The clause known as the increased risk clause may be used by the insurer if the transaction leads to a change in the nature of the target’s business activity, especially in the event of a merger. Such changes to the insured risk must be notified in advance to the insurer.

“Key person” policies and directors’ and officers’ liability insurance policies can also be a thorny issue that needs to be looked at closely. These policies will need to be altered after the majority of transactions have been completed. Once scarce, these policies have become very common. Almost all officers of listed companies are now covered by D&O insurance. These policies, which provide cover against the personal liability of officers are always a very important aspect of company mergers. Under D&O policies, the change of control of the company needs to be declared to the insurer. Furthermore, this type of insurance is always provided by insurers on a global basis to a group of companies, usually under a single policy.

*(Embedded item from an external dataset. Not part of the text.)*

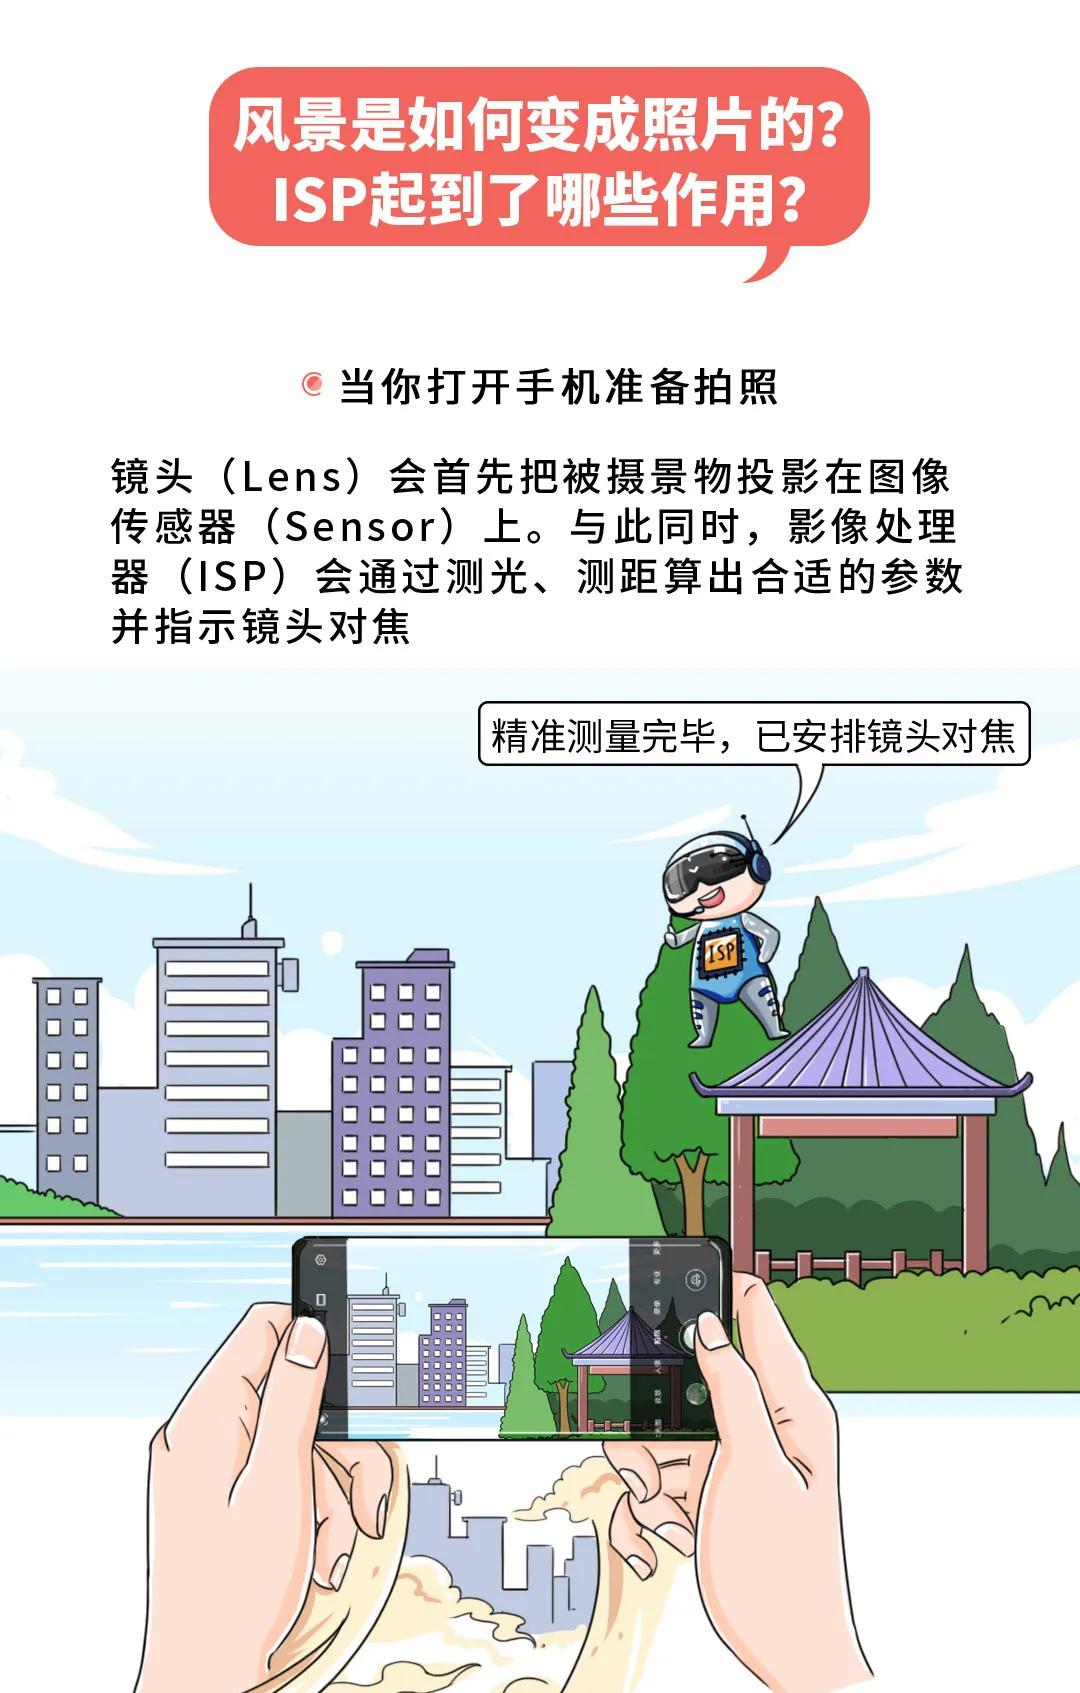 640-(1)_看图王_01.jpg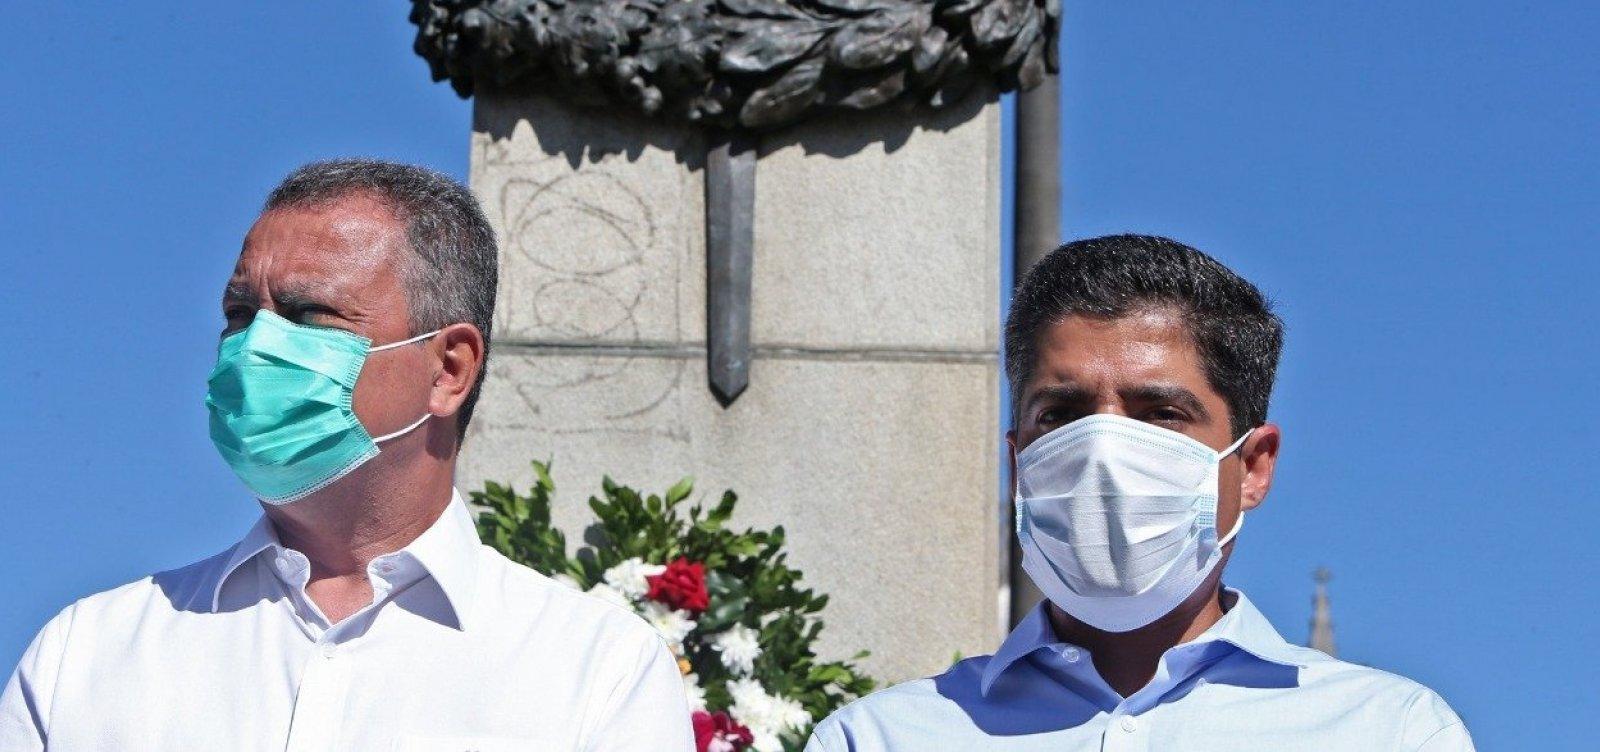 [Prefeitura vai disponibilizar respiradores para governo ampliar leitos em Salvador]

Another scenario that needs to be looked at closely is where the purchaser already has a group policy in place. In such circumstances, the benefits of extending the policy to the target company need to be determined, which would require the group policy to be extended and the target company’s current insurance policies to be terminated. Analysis must then be carried out on the conditions applicable to the termination of such policies by the target post-acquisition.

4. Analysis of claims made under the policies

Where insurance due diligence is properly carried out, it may also include more business-focused and more operational aspects of the policies, which can often be very valuable in understanding the target company’s business activities.

Legal due diligence can therefore involve much more than simply certifying agreements from a legal point of view.

Matters that may usefully be reviewed include:

  • the company’s past claims history, which can be used to assess its level of expertise and risk.
  • previous claims under policies and issues encountered in obtaining compensation. This involves evaluating, in concrete terms, the effectiveness and limits of the policies.
  • claims that are in progress and not yet settled, in order to assess the amount to which the target remains exposed.

For the M&A practitioner, the opportunity to carry out an extended assurance audit during the due diligence stage is therefore particularly instructive and a source of tangible information on the quality of the target company. This analysis will be all the more useful as it will have been carried out by insurance auditing specialists who are familiar with the specific features of such policies.


As set out above, an insurance audit carried out as part of an M&A transaction is very legal in nature, ranging from the identification of policies to the detailed review of the target company’s historic and current claims.

The information to be gleaned from such analyses is significant, both in terms of understanding the target company and its value. The lawyers who negotiate the terms of the sale and purchase agreements may, together with the lawyers carrying out the insurance due diligence work, propose price adjustments and solutions to take account of the information revealed by this highly technical due diligence work.

We will supplement this initial article with an article on the compliance issues faced by insurance intermediaries, as well as an article on warranty and indemnity insurance.